#### Given material:
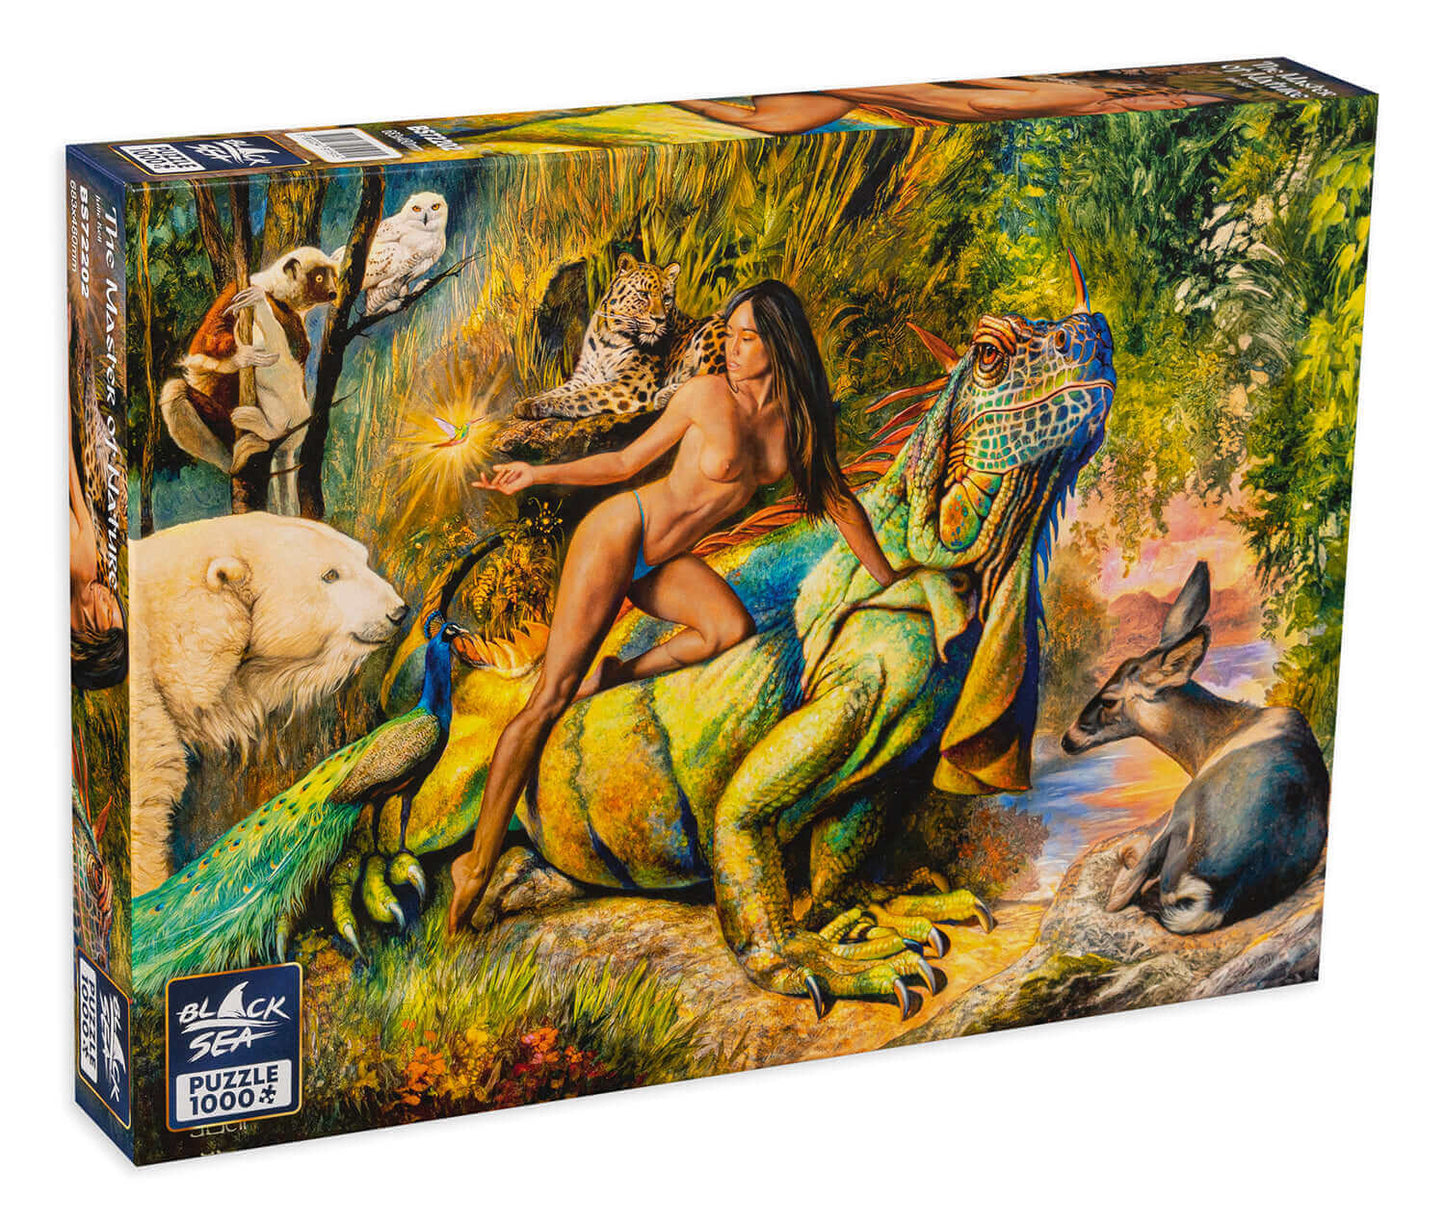 Puzzle Black Sea Premium 1000 pieces - The Master of Nature, Femininity and power, tenderness and dark passion, chaos and harmony, bravery and sin come together in the perfect symphony of a woman. As she walks, trees move aside to let her pass, animals kn
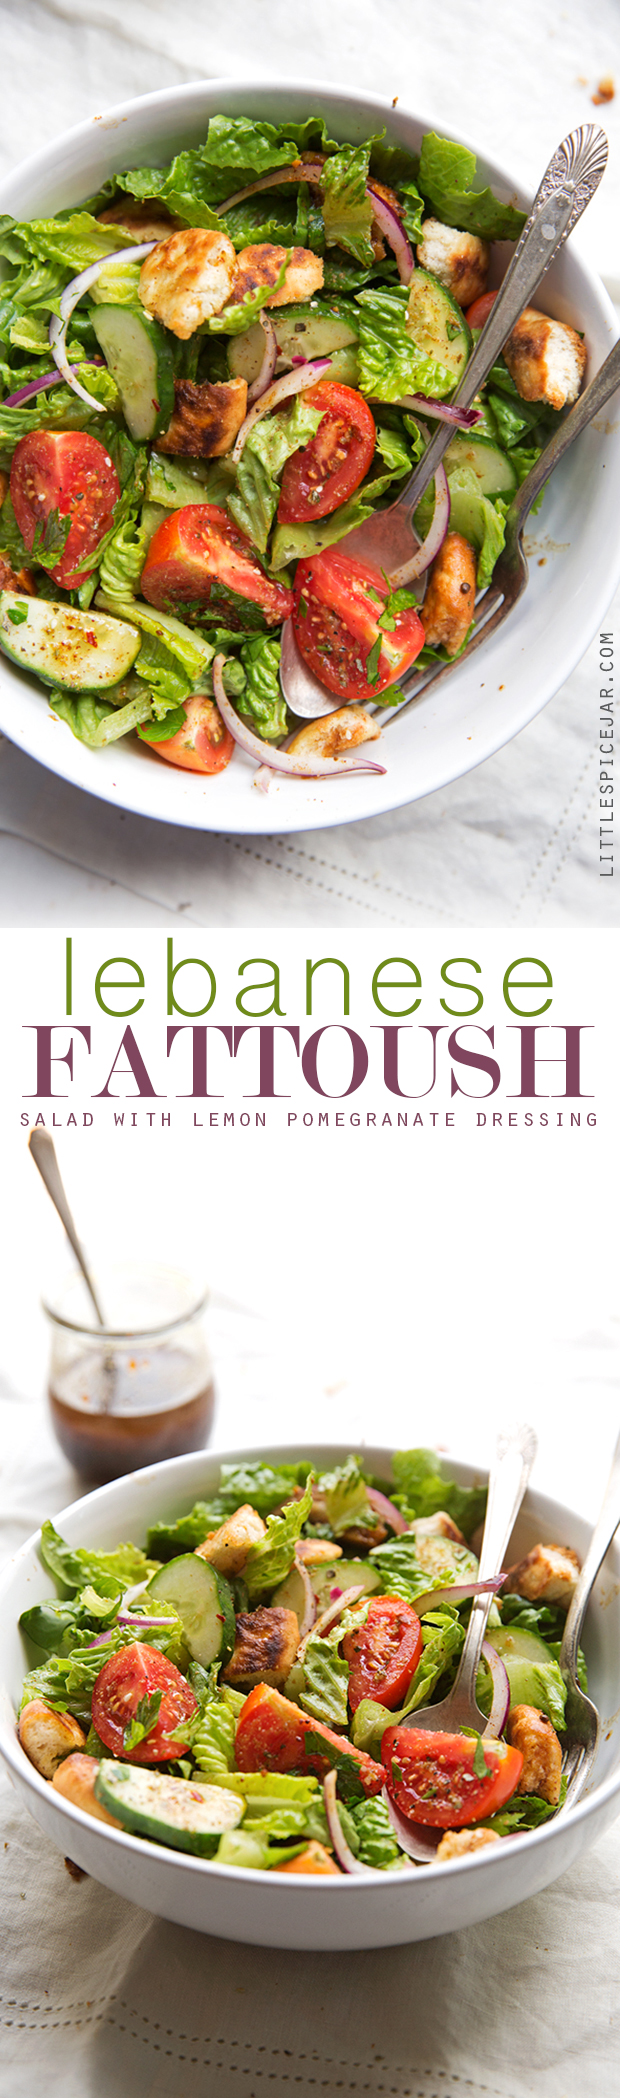 Lebanese Fattoush Salad with Lemon Pomegranate Dressing - This salad is bold and flavorful topped with homemade pita chips and a zippy middle eastern style dressing #fattoush #fattoushsalad #lebanese #salad | Littlespicejar.com
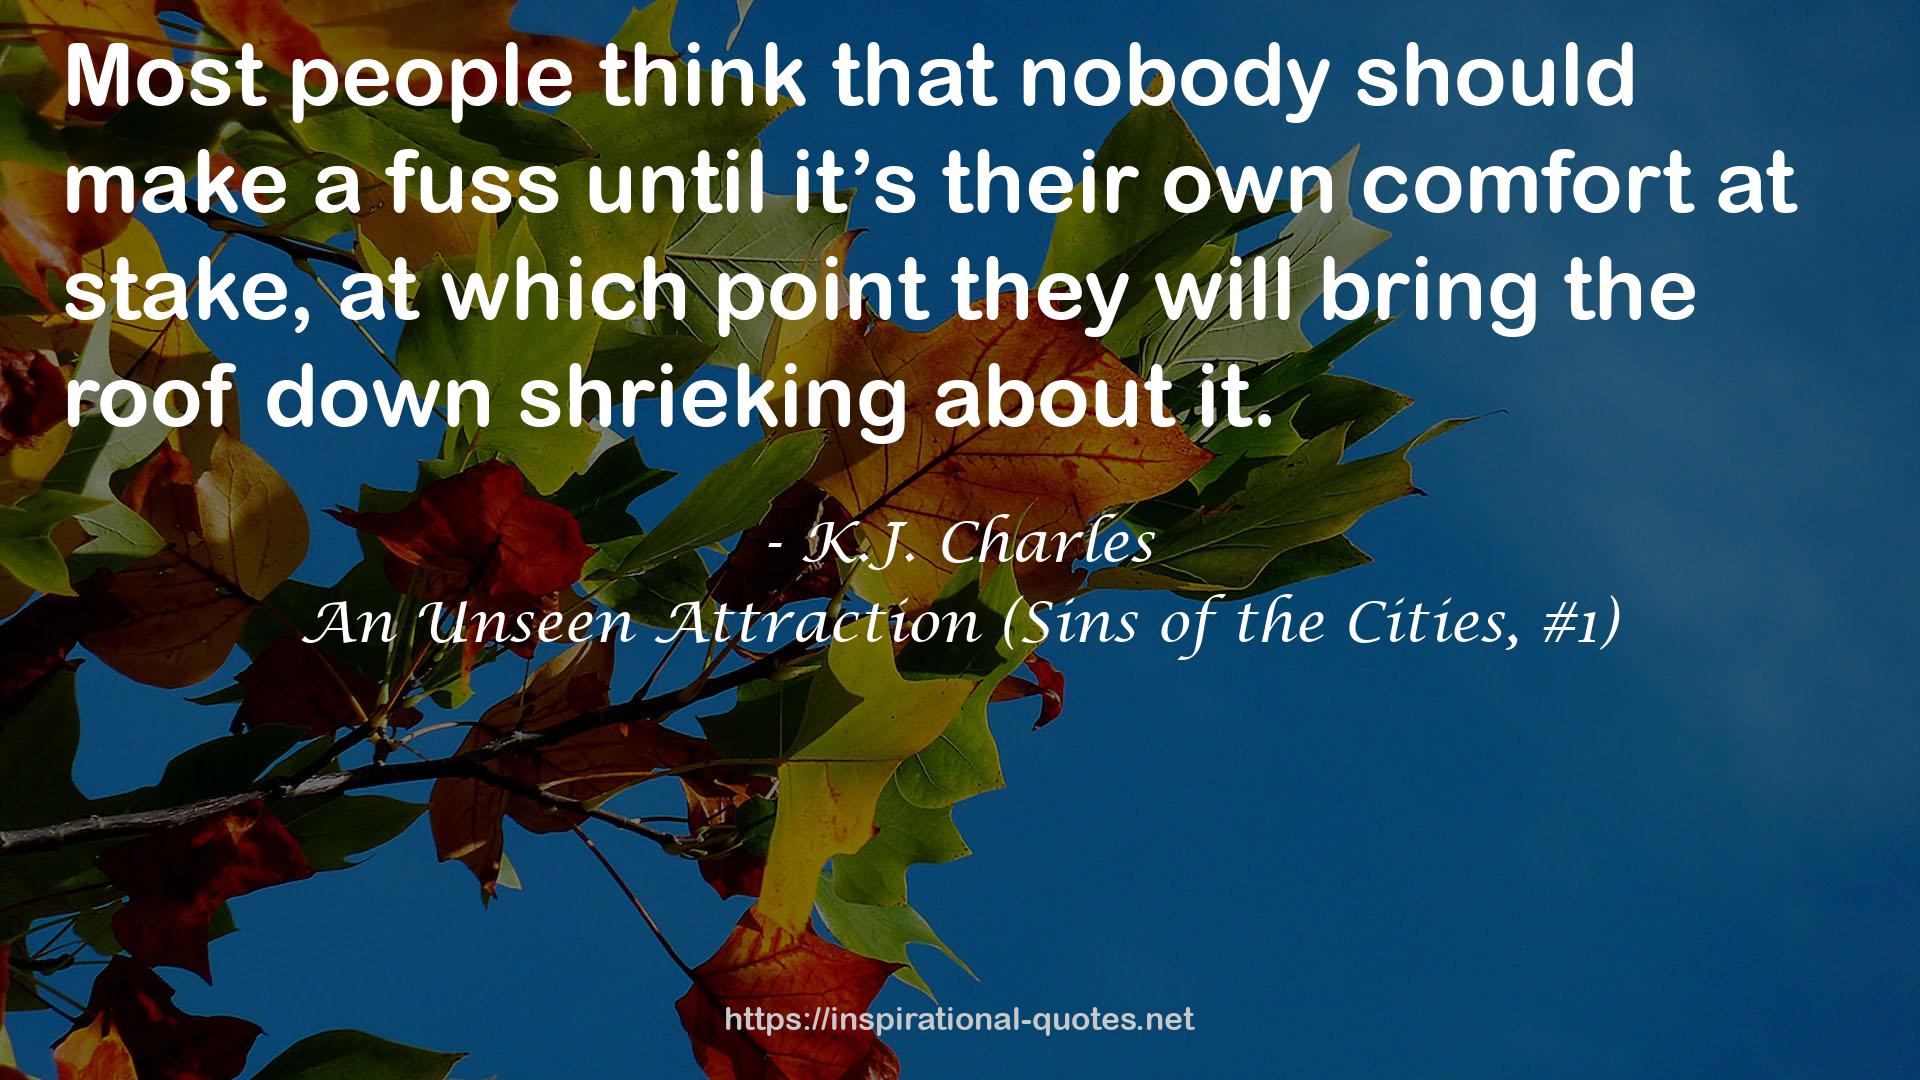 An Unseen Attraction (Sins of the Cities, #1) QUOTES
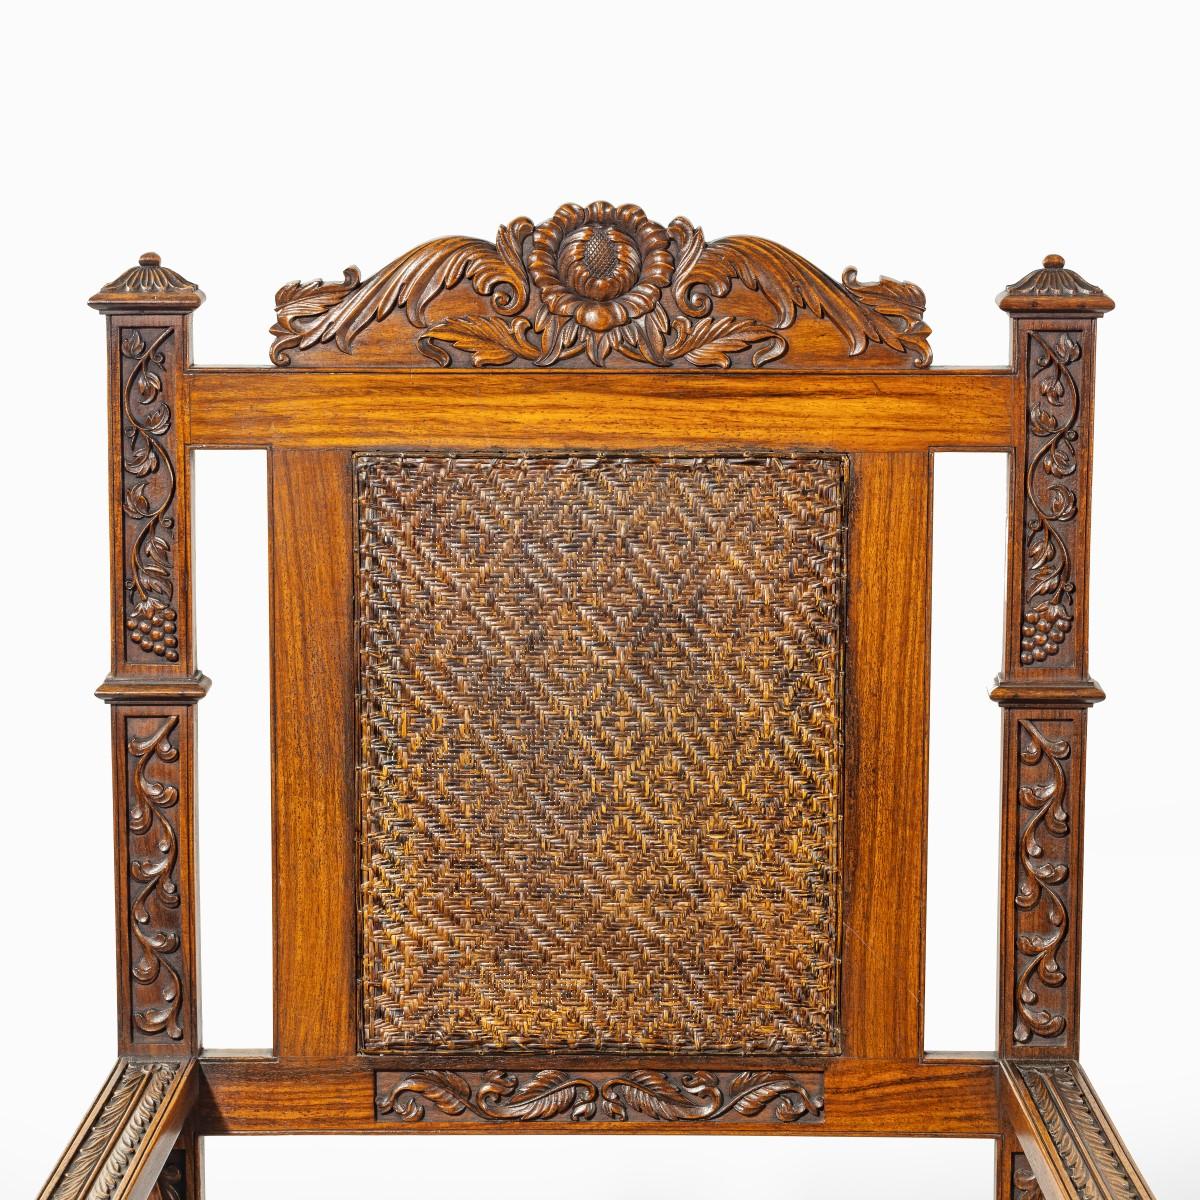 Pair of Indian Throne Chairs, Carved with the Arms of the Kingdom of Travancor 1

#### Required action:
Line by line, write out the material above exactly, with no images.

#### Solution to this problem:
 Puzzle Black Sea Premium 1000 pieces - The Master of Nature, Femininity and power, tenderness and dark passion, chaos and harmony, bravery and sin come together in the perfect symphony of a woman. As she walks, trees move aside to let her pass, animals kn
 Lebanese Fattoush Salad with Lemon Pomegranate Dressing - This salad is bold and flavorful topped with homemade pita chips and a zippy middle eastern style dressing #fattoush #fattoushsalad #lebanese #salad | Littlespicejar.com
 An Unseen Attraction (Sins of the Cities, #1) QUOTES
 Pair of Indian Throne Chairs, Carved with the Arms of the Kingdom of Travancor 1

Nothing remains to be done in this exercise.